**What you should do:** Once you reach the line with "Van Cleef &" below, copy each line exactly, stopping after the line with "A nautical style", and skip any pictures.

*** Opening Provided records ***

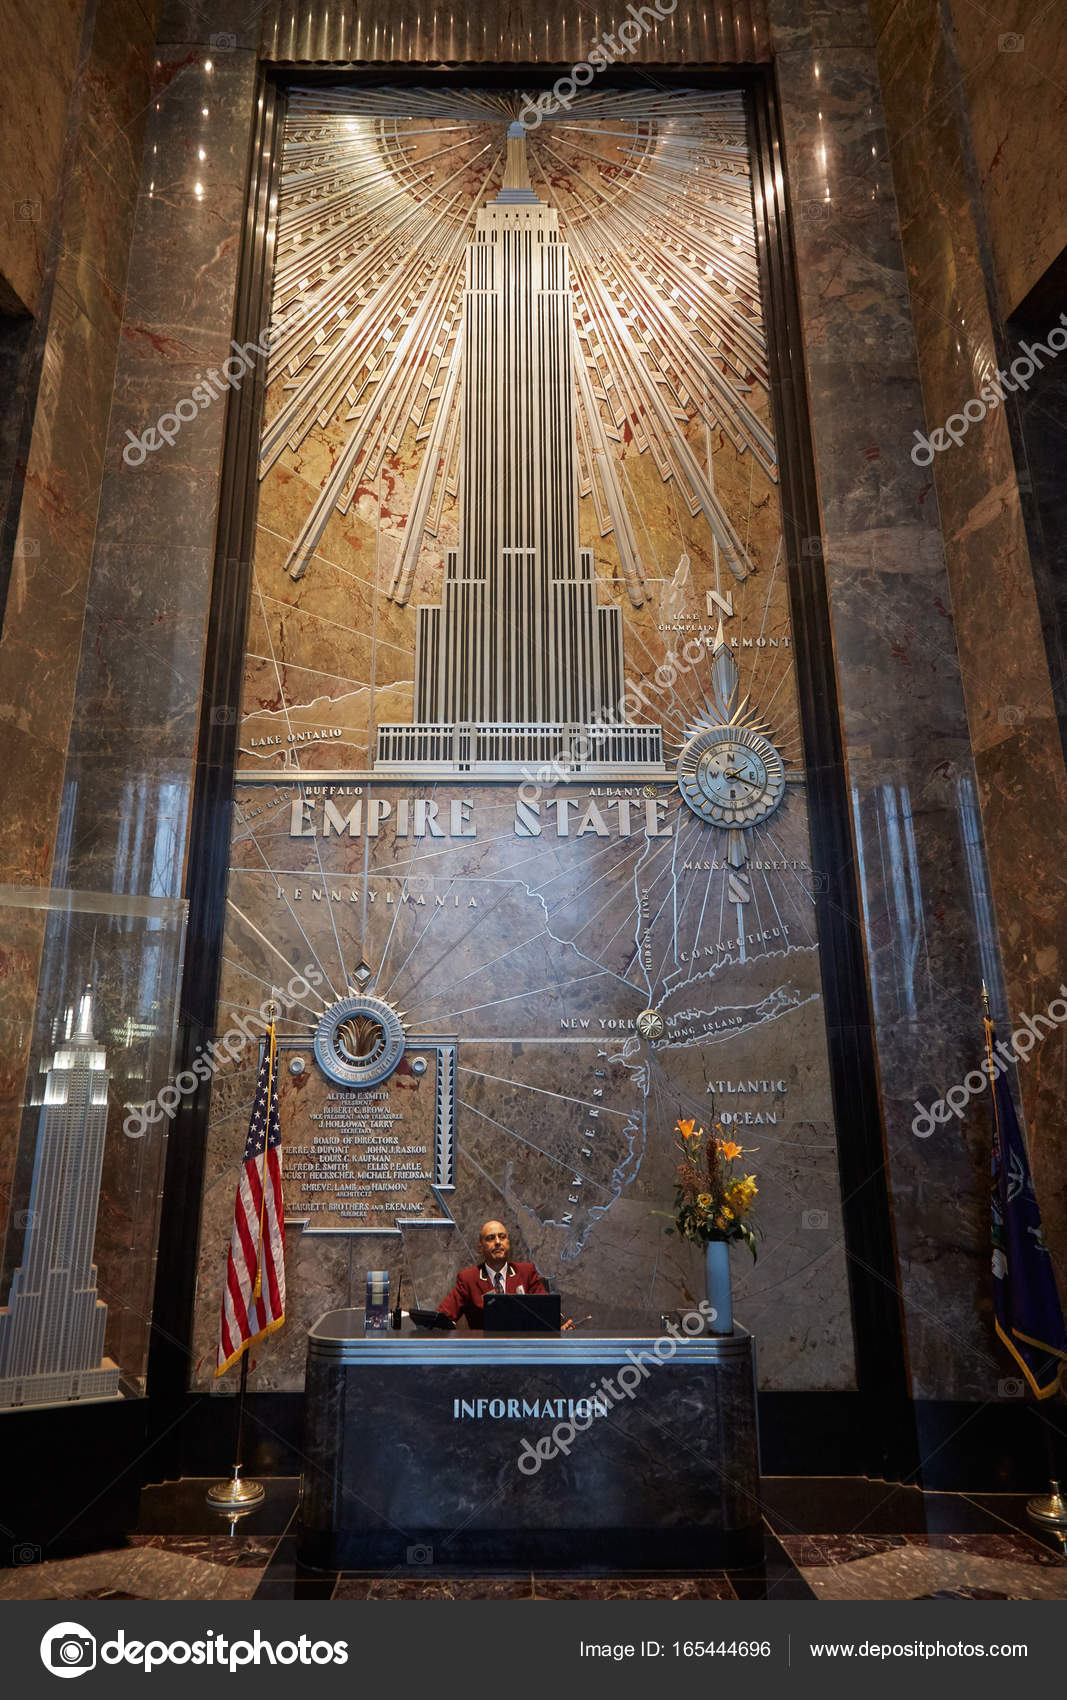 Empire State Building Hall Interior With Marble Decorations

*** Closing Provided records ***
*** Opening Provided records ***

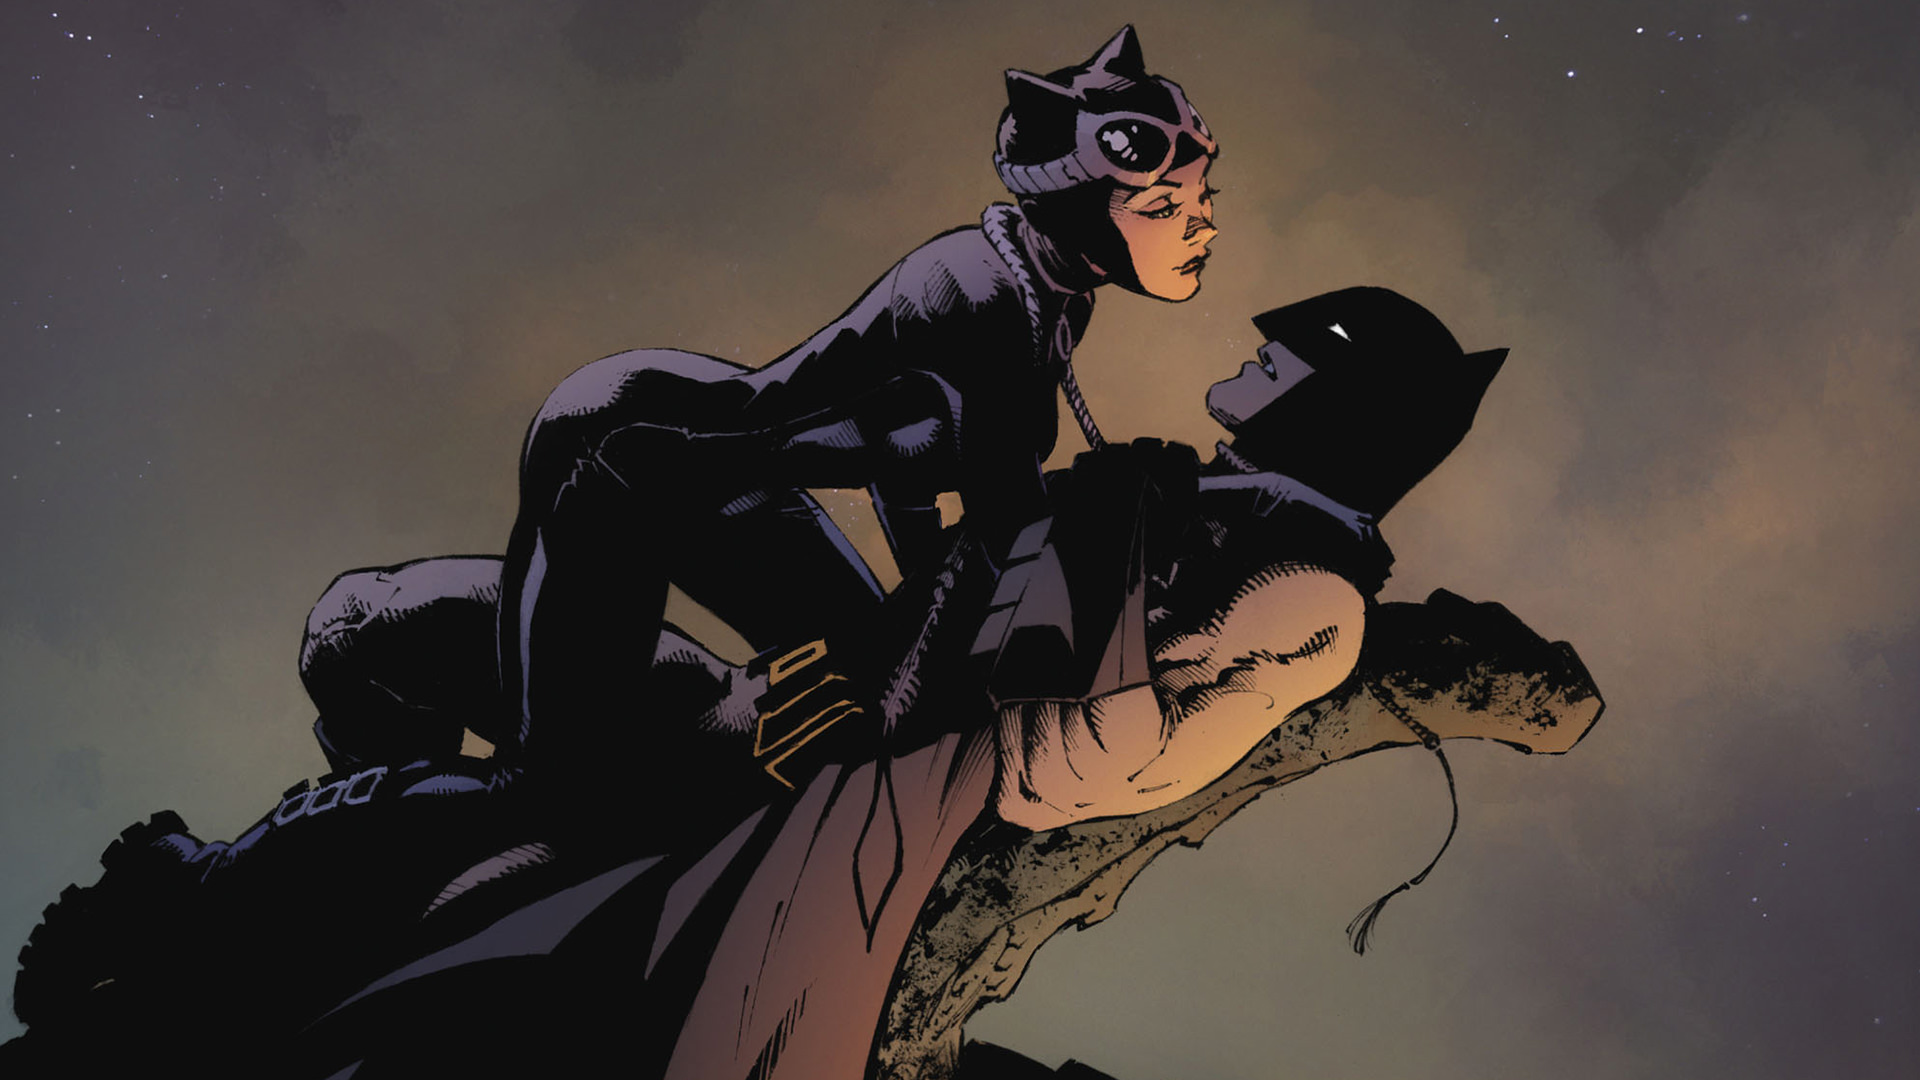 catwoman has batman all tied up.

*** Closing Provided records ***
*** Opening Provided records ***

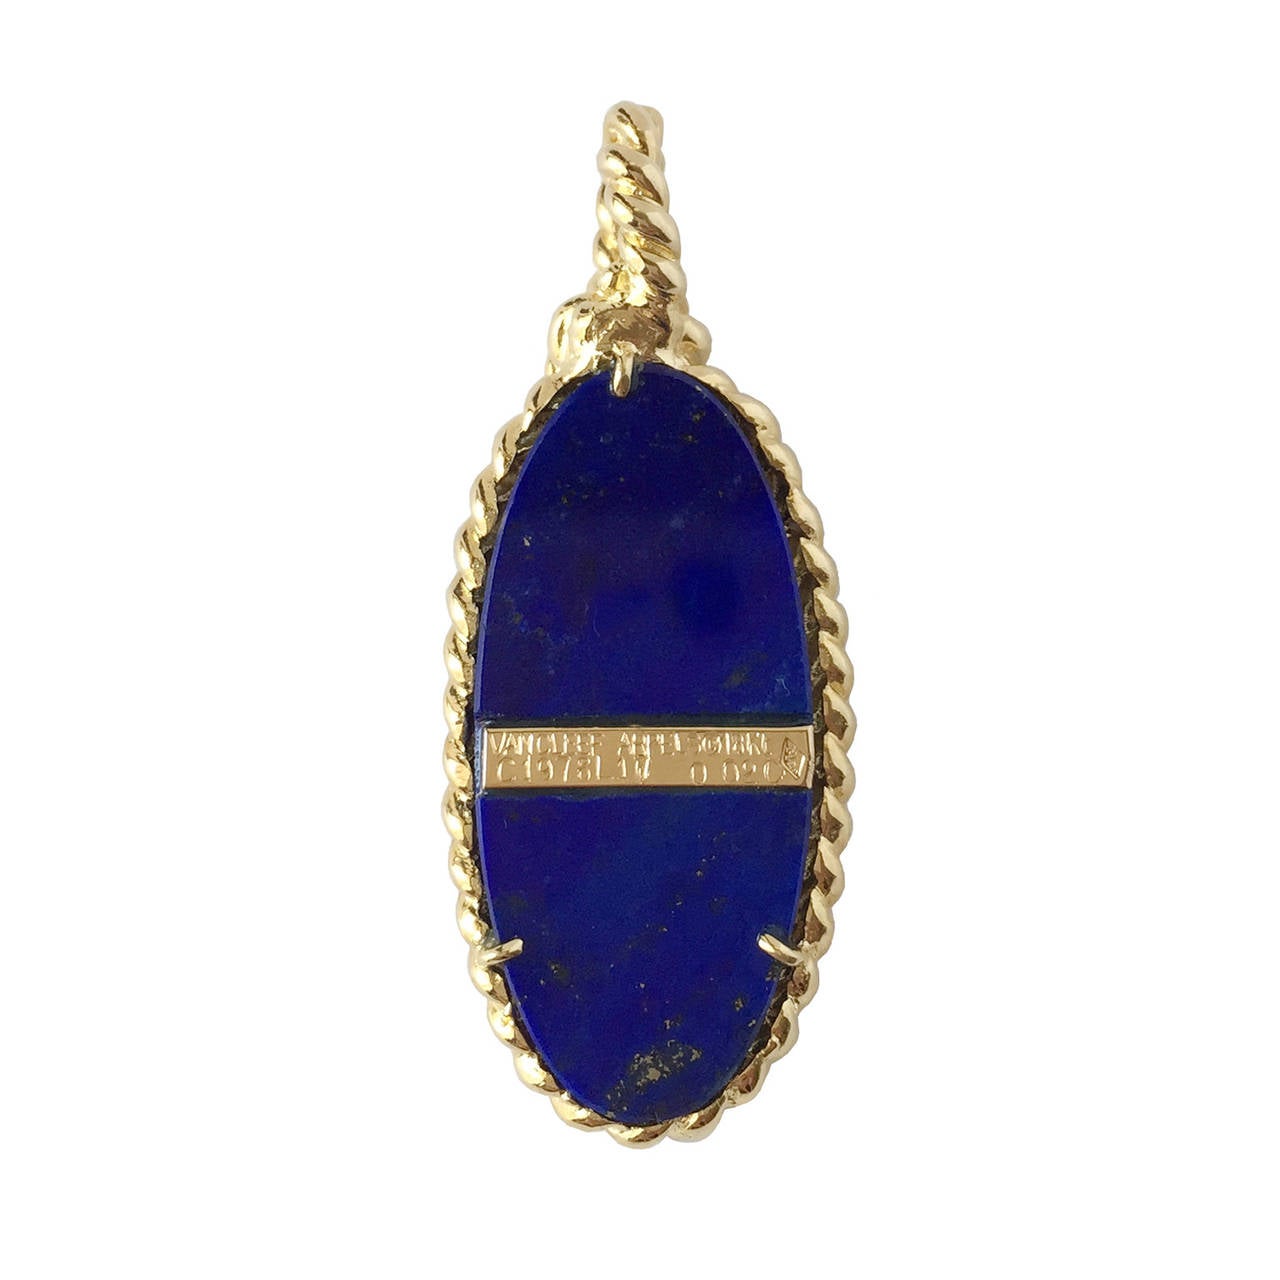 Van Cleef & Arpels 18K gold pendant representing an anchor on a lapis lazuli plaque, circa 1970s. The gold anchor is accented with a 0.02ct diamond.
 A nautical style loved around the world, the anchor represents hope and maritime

*** Closing Provided records ***

**Solution below:**
 Van Cleef & Arpels 18K gold pendant representing an anchor on a lapis lazuli plaque, circa 1970s. The gold anchor is accented with a 0.02ct diamond.
 A nautical style loved around the world, the anchor represents hope and maritime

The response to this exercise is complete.